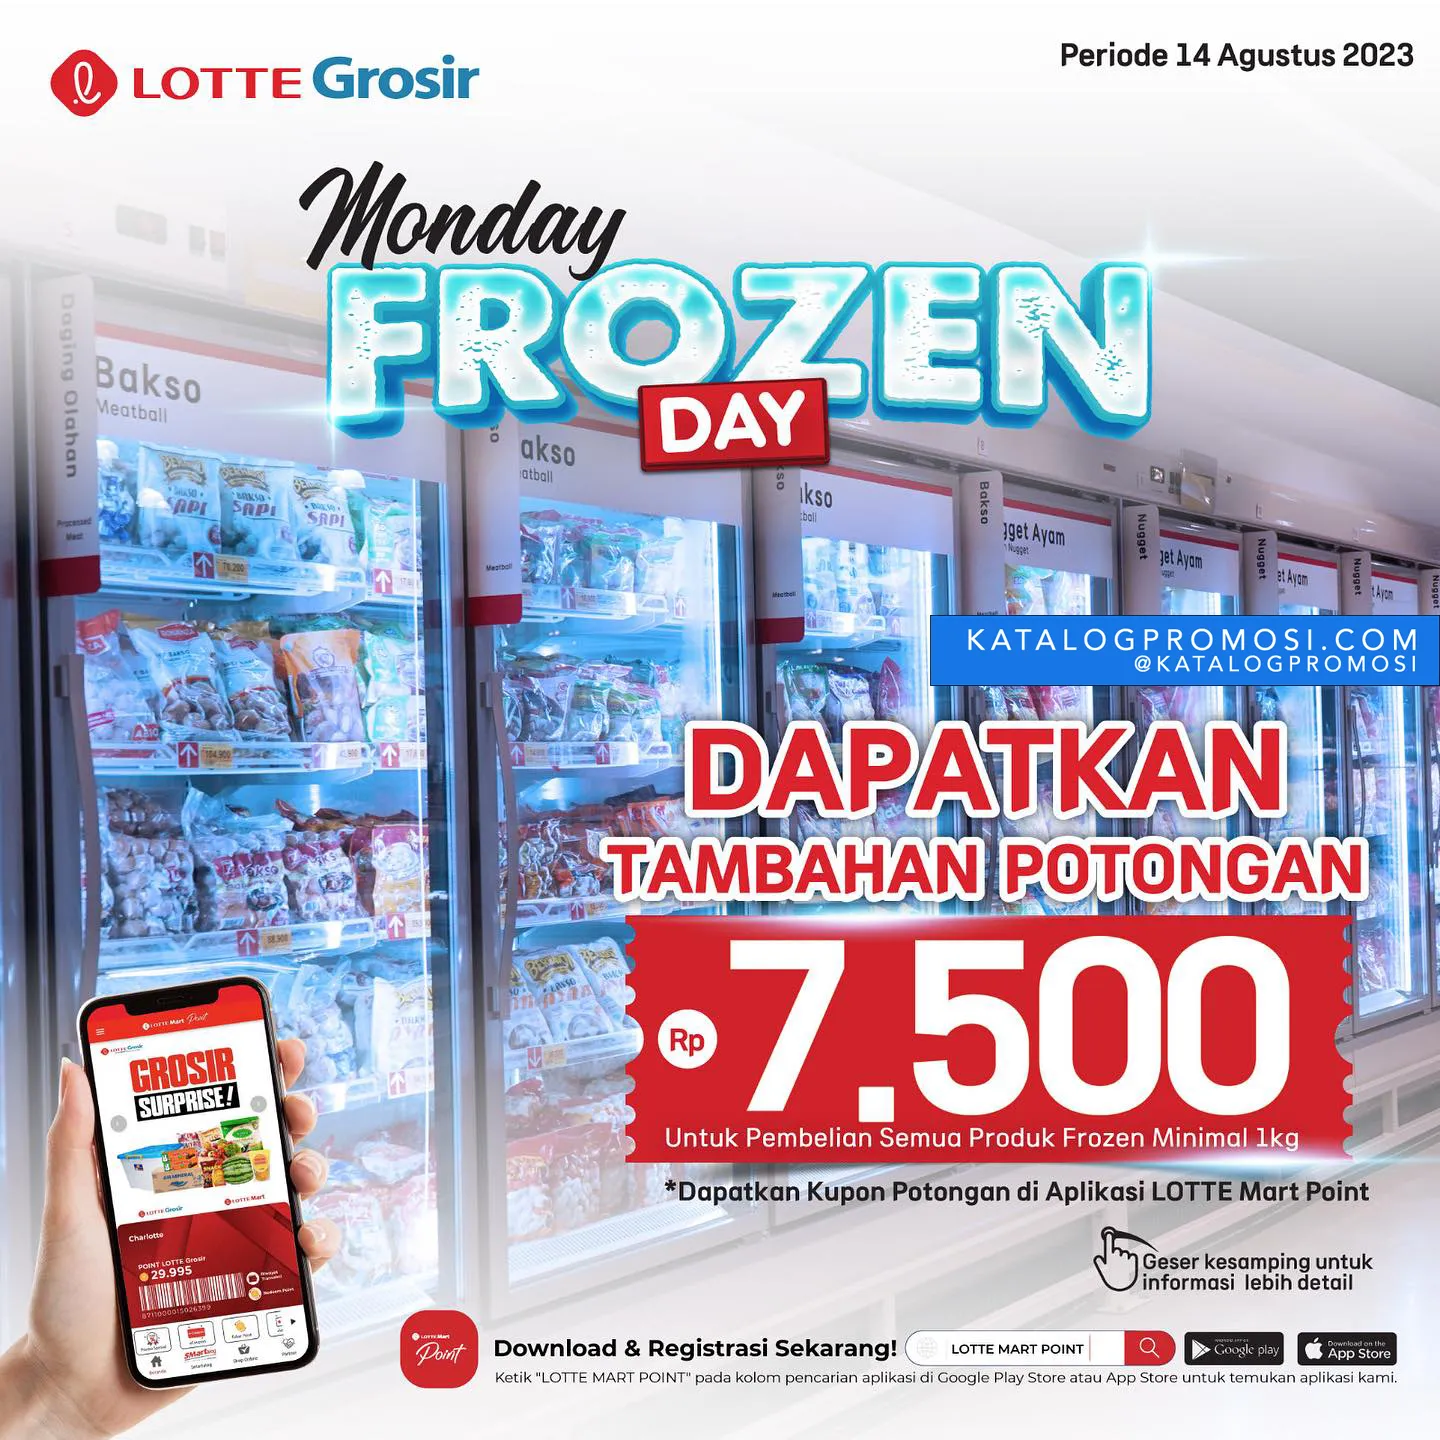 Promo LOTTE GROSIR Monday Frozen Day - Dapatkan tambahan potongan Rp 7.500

——

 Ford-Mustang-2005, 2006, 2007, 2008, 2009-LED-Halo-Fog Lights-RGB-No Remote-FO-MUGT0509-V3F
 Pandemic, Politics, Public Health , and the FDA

——

**WHAT NEEDS TO BE DONE**
Look through the material above and print exactly the lines from the one containing "Ford-Mustang-2005, 2006, 2007, 2008, 2009-LED-Halo-Fog" to the one containing "Pandemic, Politics, Public", both included, and nothing more.

**TASK RESULT**
 Ford-Mustang-2005, 2006, 2007, 2008, 2009-LED-Halo-Fog Lights-RGB-No Remote-FO-MUGT0509-V3F
 Pandemic, Politics, Public Health , and the FDA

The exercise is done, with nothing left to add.